**TASK BRIEF**
Word-for-word transcription: reproduce all of the data, but not the pictures.

**SUPPLIED MATERIAL**
################
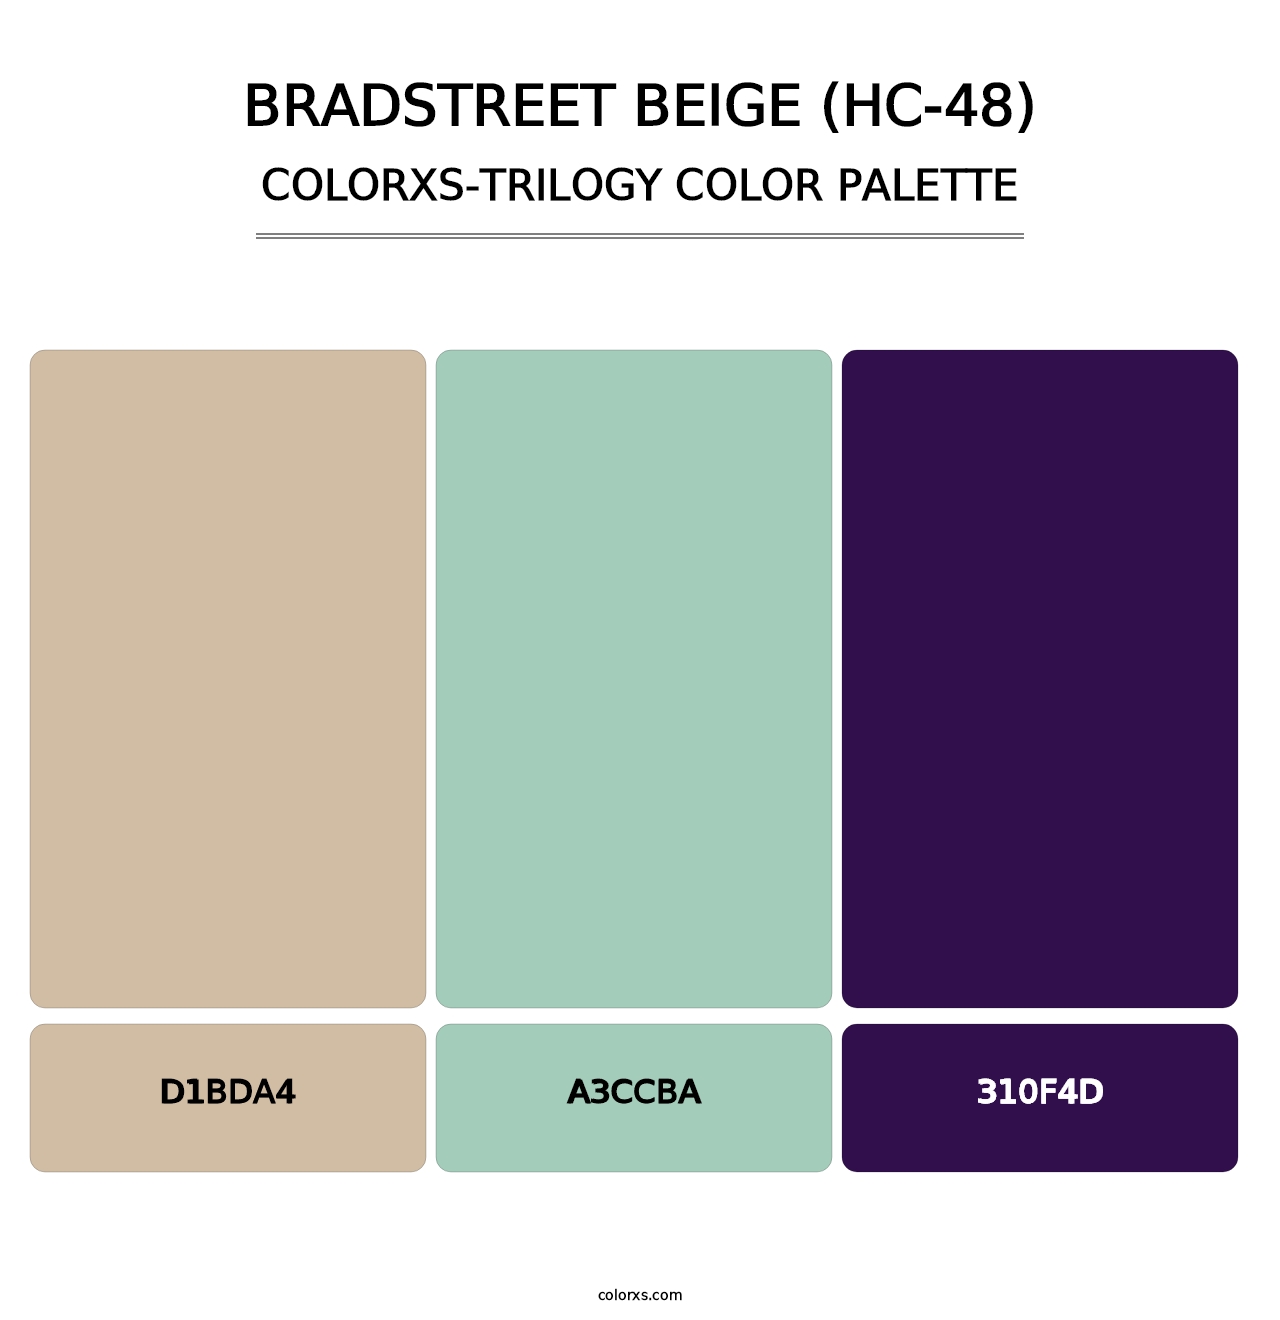 Bradstreet Beige (HC-48) - Colorxs Trilogy Palette
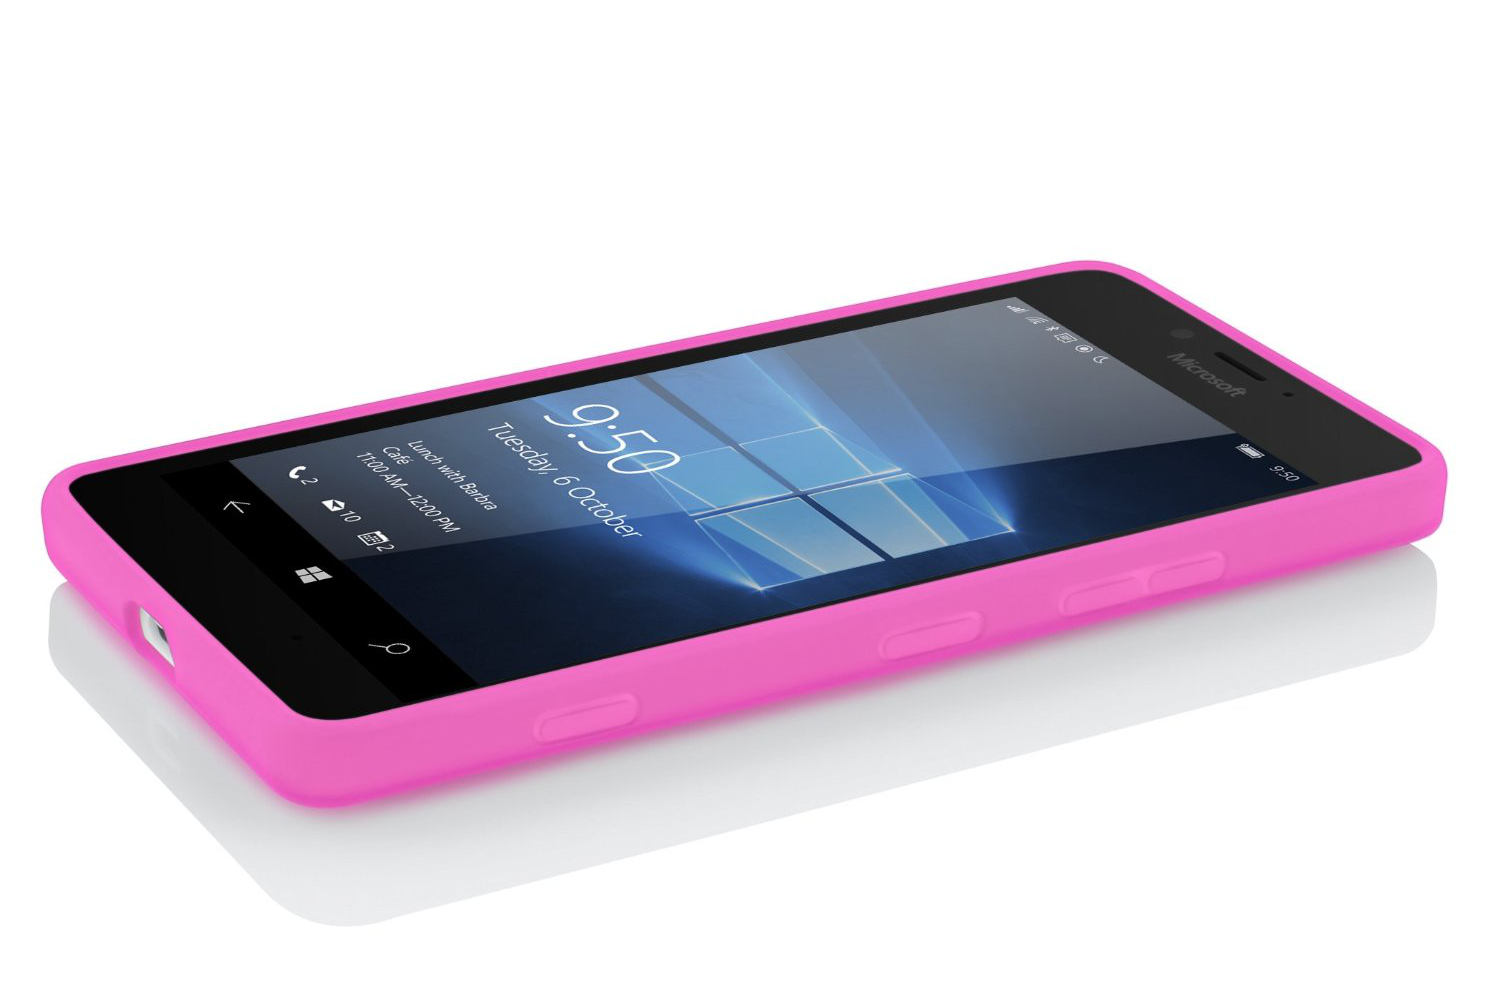 Housse Protection Souple en Silicone TPU avec Anti-Choc et Anti-Rayures Cadorabo Coque pour Nokia Lumia 950 en Metallic Argent Ultra Slim Fin Gel Case Cover Bumper 
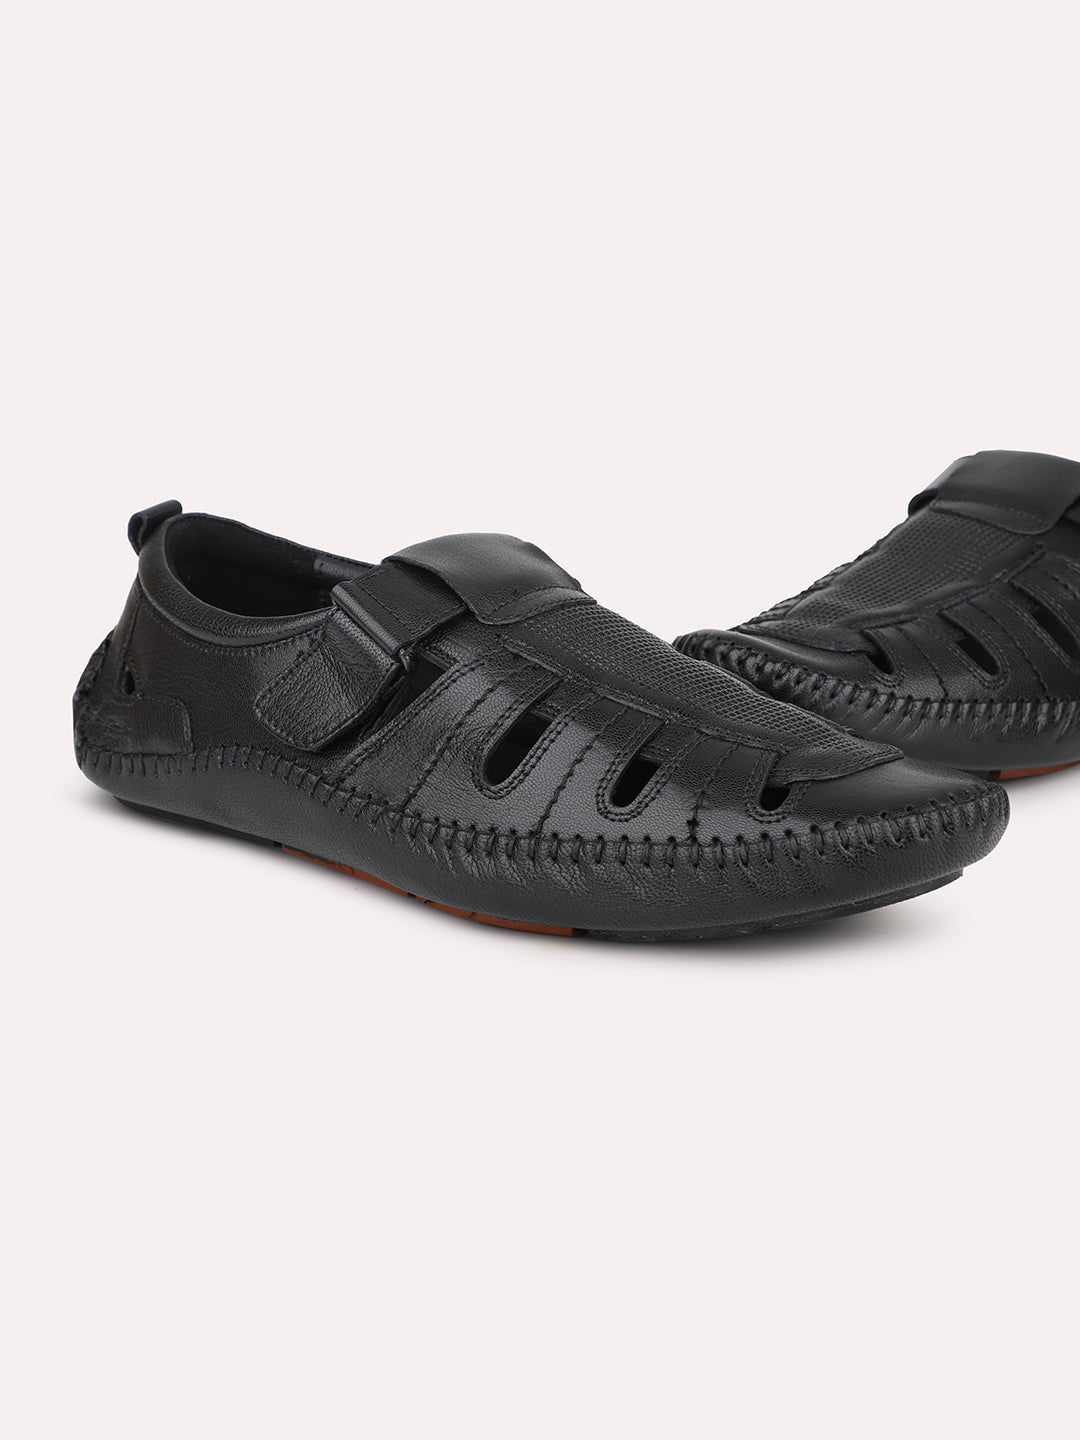 Atesber Black Striped Casual Sandal For Men
################
**THE ANSWER**
 Bradstreet Beige (HC-48) - Colorxs Trilogy Palette
 Housse Protection Souple en Silicone TPU avec Anti-Choc et Anti-Rayures Cadorabo Coque pour Nokia Lumia 950 en Metallic Argent Ultra Slim Fin Gel Case Cover Bumper 
 Atesber Black Striped Casual Sandal For Men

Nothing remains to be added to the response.